Un joyero de Madrid, rico sin duda, se ha liado a tiros con dos serbios que habían entrado en su joyería, en pleno barrio de Salamanca, armados de un spray de pimienta con intenciones aun por determinar por un juez. Se sospecha que el hecho de rociar al joyero y a su hija con el spray fue el detonante no del arma, sino de la certeza de que iban a atracar la joyería. El dueño, ya presunto homicida intencionado, sacó su revolver y pum, pum, ha mandado al hospital a los dos del spray.
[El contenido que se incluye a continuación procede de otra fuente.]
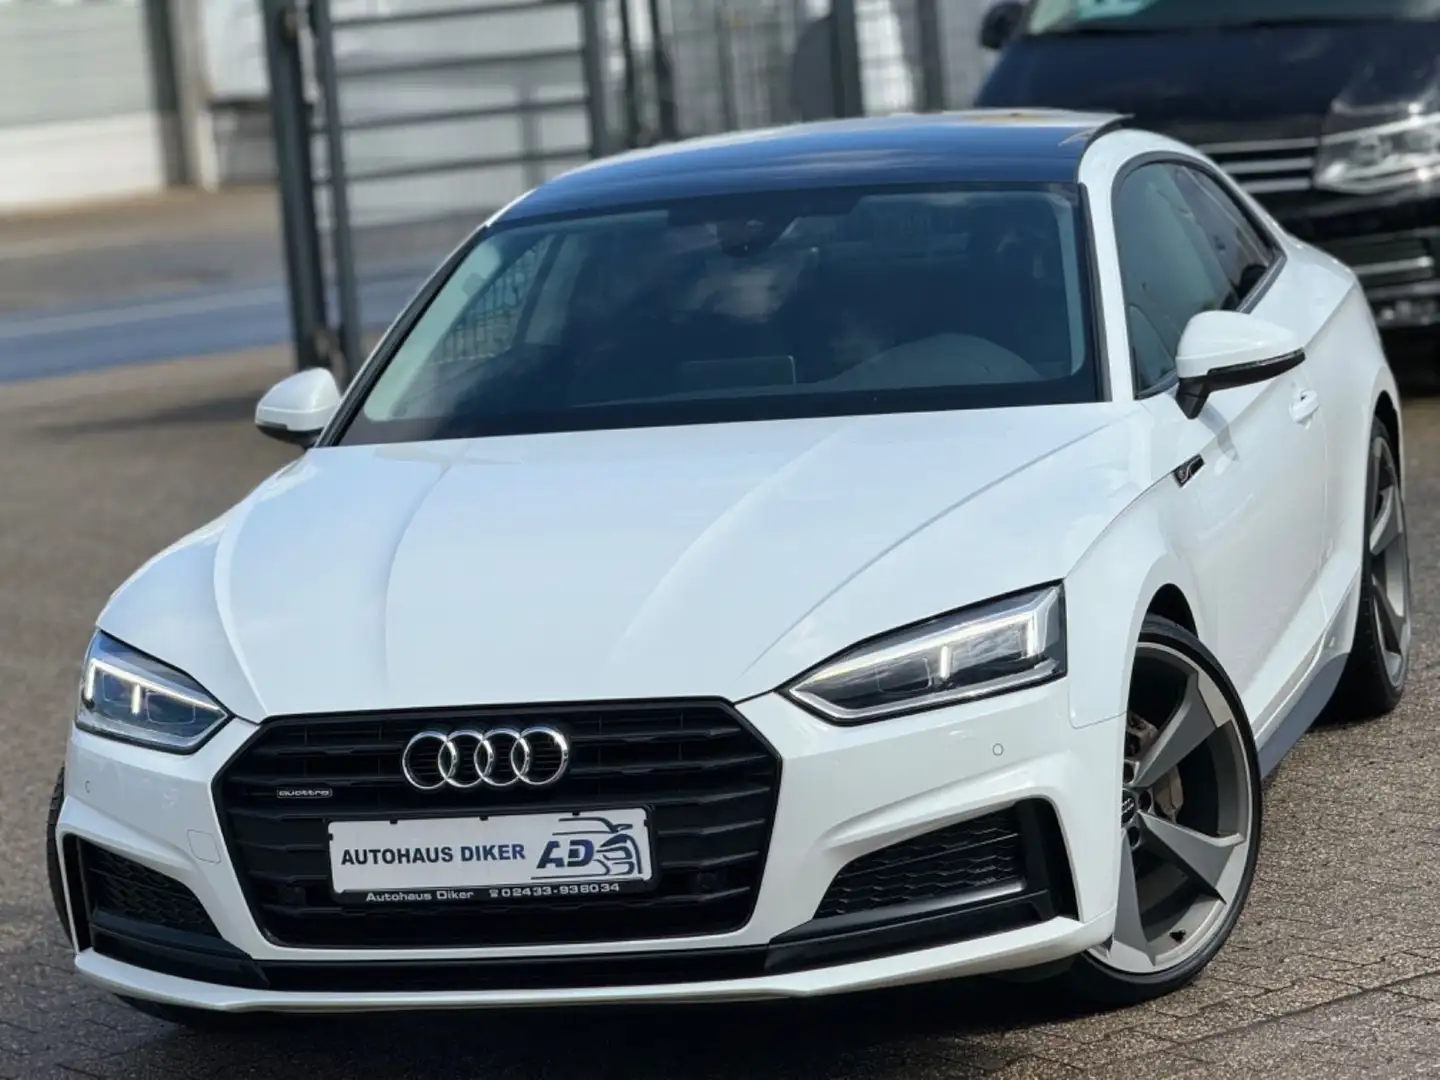 Audi A5 Coupe 2.0 TDI quattro S line Pano, 20"Rotor Wit - 1

A mí no me sorprende mucho que pasen estas cosas, si les digo la verdad. En realidad, lo que me asombra es que no pasen más a menudo. Se lo digo porque leo en la página de al lado que alguien llamado «El niño Saez», un tipo que acumula 38 antecedentes por robo, regresó a su casita después de pasar 90 horas en el juzgado. Por lo visto le pillaron «in fraganti» haciendo un butrón en una joyería el miércoles, durante el partido del Manchester. Ni el fiscal ni el juez ha considerado conveniente que estuviera más tiempo a recaudo, y total, un butrón requiere más oficio que un alunizaje, esa ordinariez tan violenta a la que en esta ocasión no ha recurrido. No se conoce si el fiscal y el juez tienen joyería alguna, lo único cierto es que el «niño Sáez» ya tiene 39 antecedentes.
Por su parte, los dos atracadores del spray se curarán en un hospital sin recortes, los defenderá un abogado de oficio espabilado y probablemente recibirán, además de los balazos, una buena indemnización por parte del joyero, que lamentará toda su existencia no haberse dejado atracar como hacen los joyeros normales y ahora llevará un butrón en su vida, perpetrado por ese Estado que no le ha sabido defender. Al tiempo.
Mientras tanto, Madrid es un manifestódromo contra los recortes. Lo único que lleva años recortado en este país es la inversión en cárceles. Ponen televisores de plasma cuando lo que deberían hacer es gastarse el dinero en poner más camas. Bueno, también la decencia de los encargados de quitar de las calles a estos indeseables lleva muchos años recortada, como las puñetas que les adornan las mangas. Esas puñetas a dónde les mando yo, invariablemente, cuando leo estas cosas.